Goldbird Variations

This year we stayed home for Thanksgiving. which gave me an opportunity to try another non-stadard turkey preparation. The key to perfect dark and white meat is to cook the bits separately, giving each the time/temperature treatments necessary to produce juicy meat. I had already figured out the perfect method for confiting the legs, so I began there, sealing the legs and wings with duck fat, butter, and sage.

Confit Legs and Wings

The breast was prepared in the style of a porchetta, a recipe developed by J. Kenji Lopez-Alt at Serious Eats. I removed the skin in one piece and then layered the butterflied boned breasts on top. After scoring the interior, I rubbed a mixture of sage, garlic, fennel seeds, and red pepper into the cuts.


Utilizing my charcuterie skills, I rolled the meat into the skin and tied it off into a roast. (If I make this again, I will probably dust both sides of the meat with transglutaminase to bind everything together.)

Fit To Be Tied

I vacuum sealed the turchetta and cooked it sous vide for six hours at 60°C.

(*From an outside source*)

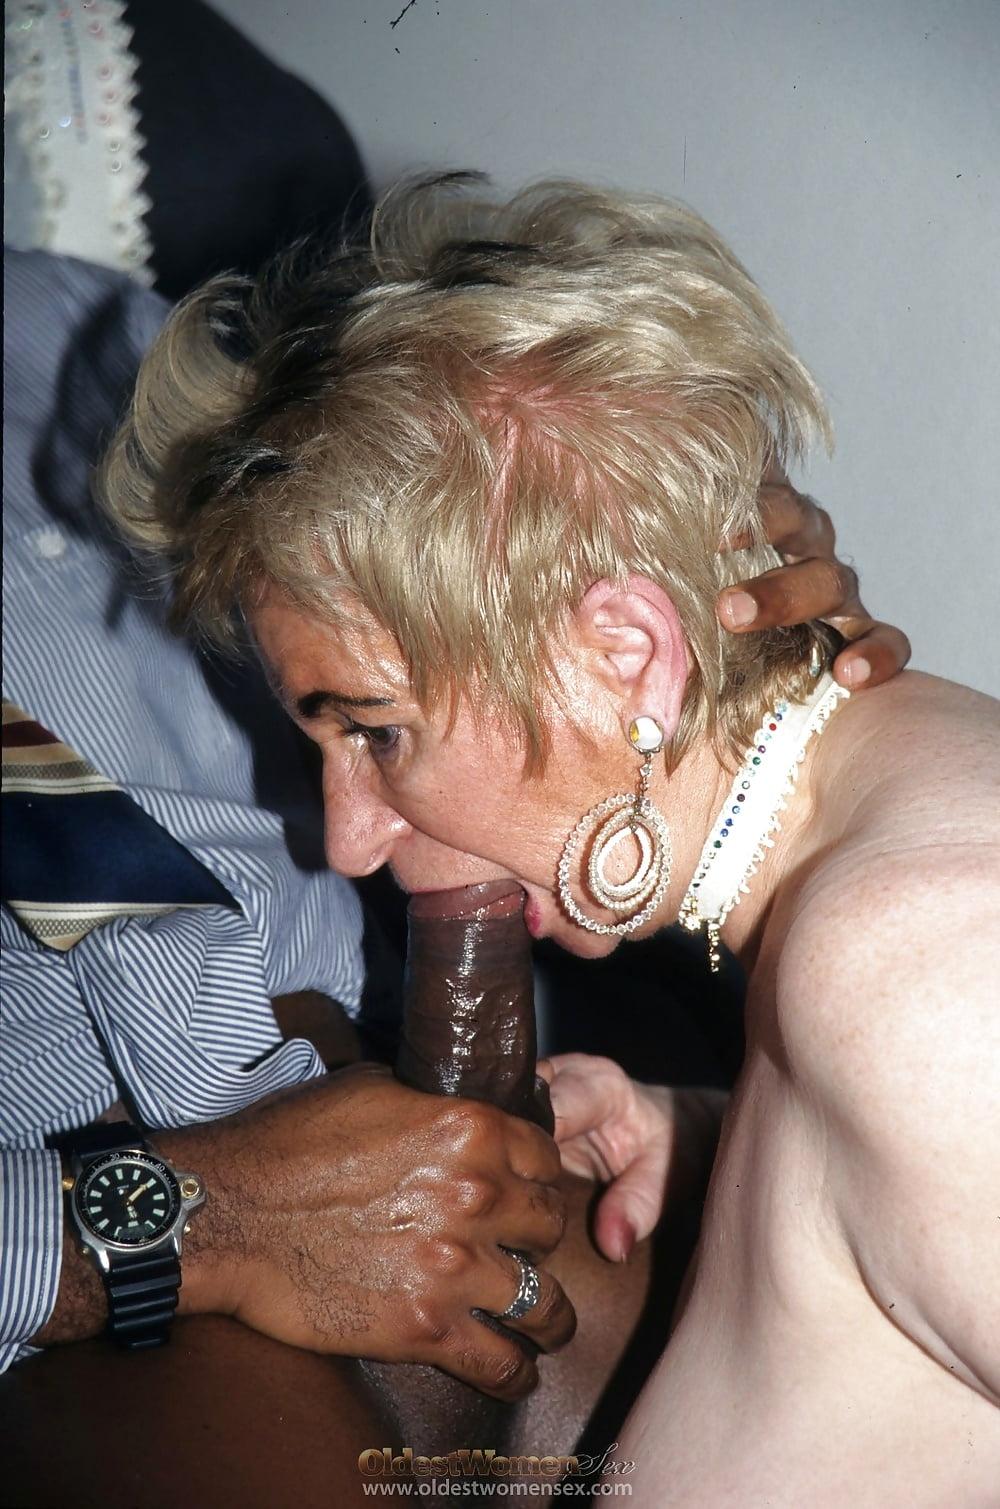 Granny cum mouth free sex pics

She Who Must Be Obeyed made our traditional sausage and sage stuffing, but we decided to try another Serious Eats innovation: stuffing waffles. Instead of baking the wet, just-mixed stuffing, she pressed it in our waffle iron.

Stuffing Waffles

When the turchetta was done, I dried it off and deep-fried it for ten minutes, rolling it once to get all of the skin crispy. (Again, for future reference: Use a deeper pot, to prevent a fire hazard from boil-over.)

Fried Turchetta

I boned out the legs, then sliced everything for serving.


In addition to the non-traditional turkey and stuffing, we had donut stuffing (made from dried chunks of orange-ginger cake donuts from Union Square Donuts), mashed potatoes, mashed sweet potatoes, green beans, and gravy made from turkey stock and confit gelatin.

Final Plate

The breast was moist and the seasoning didn’t overpower the taste of the meat – which I don’t think I could say if I had used a store-bought bird. There are assertive flavors at work that require the turkey to taste like turkey. The waffles were crispy and caramelized, and also provided essential gravy containment.

And, of course, we had plenty of leftovers. Tonight’s “breakfast for dinner’ variation was hash with waffles and egg:


Turkey: It’s what’s for dinner. And breakfast. And lunch. (But not dessert. Yet.)